Cloud migration for supply chain industry

cloud migration for supply chain

Forrester predicts that more than 50% of global enterprises will be parts of their enterprises will run from the cloud, if not the entire company. Talking specifically of the supply chain industry which is transaction based, cloud migration is bound to give massive gains in terms of cost, scaling up and down depending on season and demand, being highly available without downtime to customers and recovering from disasters of the worst kinds within a time frame of 15 minutes.

The likes of Amazon have set the bar high when it comes to delivering to the customers within a very short span of time. Having a solid IT infrastructure is one of the basics that a supply chain should get right to meet customer expectations.

The following is the story on Sunland logistics, a 3PL that serves its e-commerce customers at scale,  took the decision to move to the cloud as it was obvious to them that having a cloud infrastructure would give them competitive edge and most importantly satisfy their customers.

About Sunland Logistics

Sunland Logistics Solutions is a third party logistics provider (3PL) specializing in warehousing and value-added services with expertise in automotive, retail, e-commerce, chemical, and paper.

Headquartered in Upstate South Carolina since 1982, Sunland operates over 2.5 million square feet across the Southeast and Midwest and is growing into a national provider, Sunland decided that IT would be their key differentiator and decided to be an industry leader for innovation in IT. The industry itself was beginning to lean on IT on a scale never seen before. From having the entire infrastructure on the cloud to bots doing inventory counts.

To realize their vision of being an industry leader in IT, Sunland hired ByteAlly as their IT partner.

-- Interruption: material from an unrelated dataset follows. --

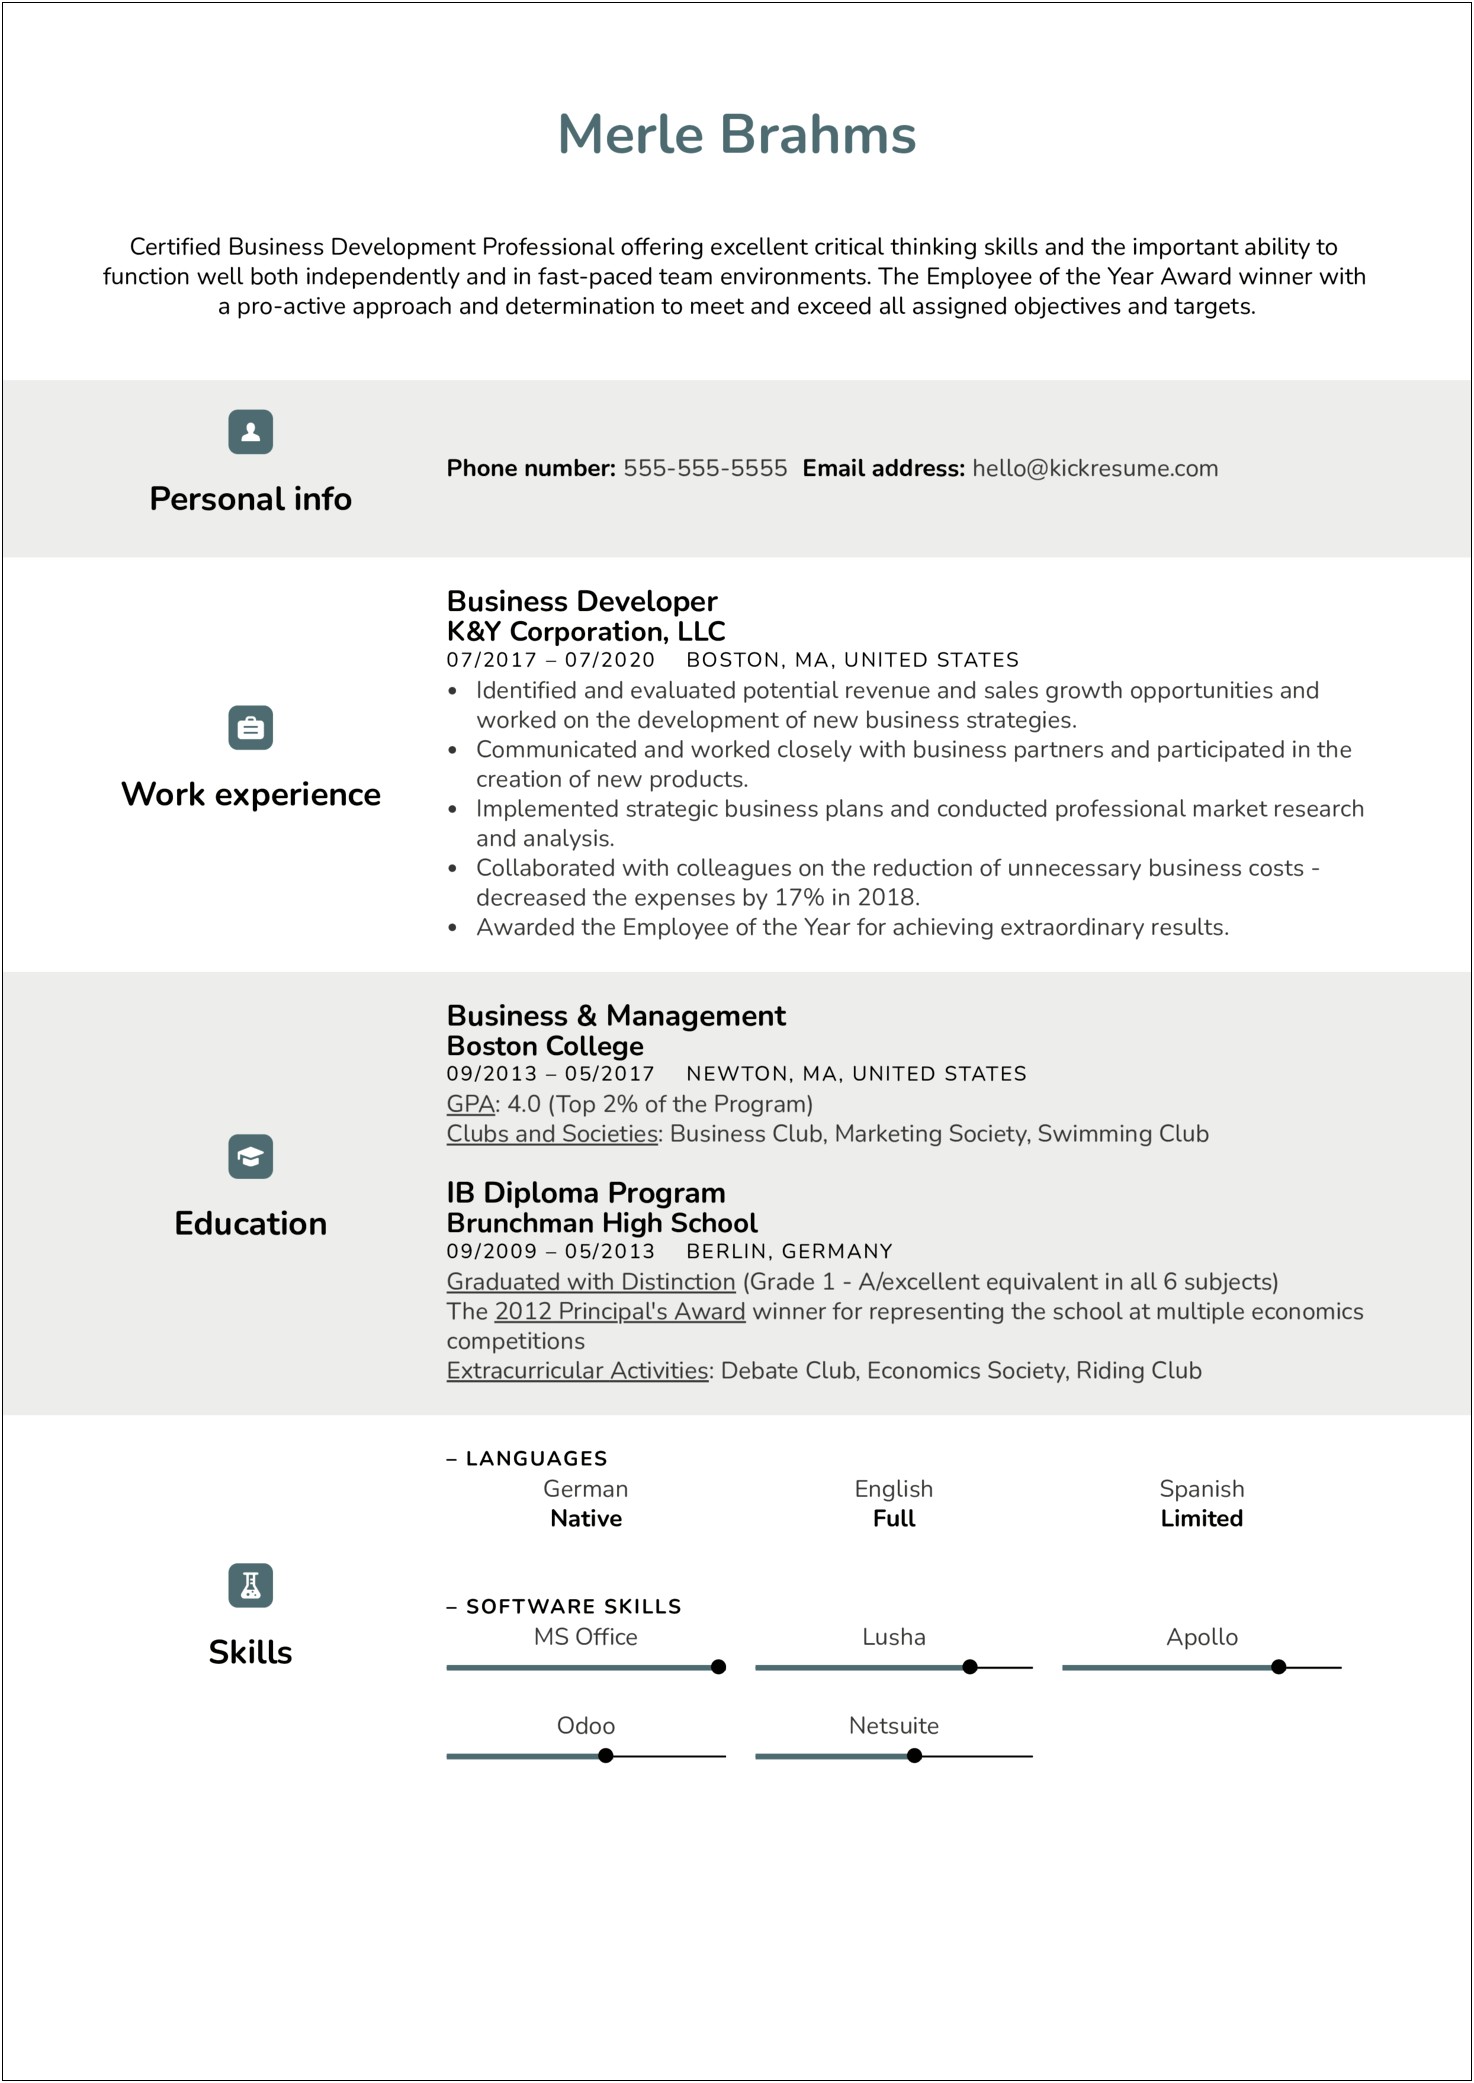 Resume Summary For 1 Year Experience Developer

We are responsible for their IT infrastructure, EDI development services, custom dashboards and develop any other software solutions they might need.

Decision to migrate to cloud from the on-premise setup

As part of several steps that had to be taken to transform Sunland’s IT, Hari Sivaprakasam, COO of Sunland, under whom IT department reports, decided to first take Sunland to the cloud. All of Sunland’s IT infrastructure was running from physical machines on premise. This was limiting in many ways for the company’s daily operations and vision to scale up as a national player.

Disadvantages of on premise

There are tons of articles out there explaining the advantages of moving to the cloud over the years and we won’t be discussing that in detail, but the following are some of the biggest pain points.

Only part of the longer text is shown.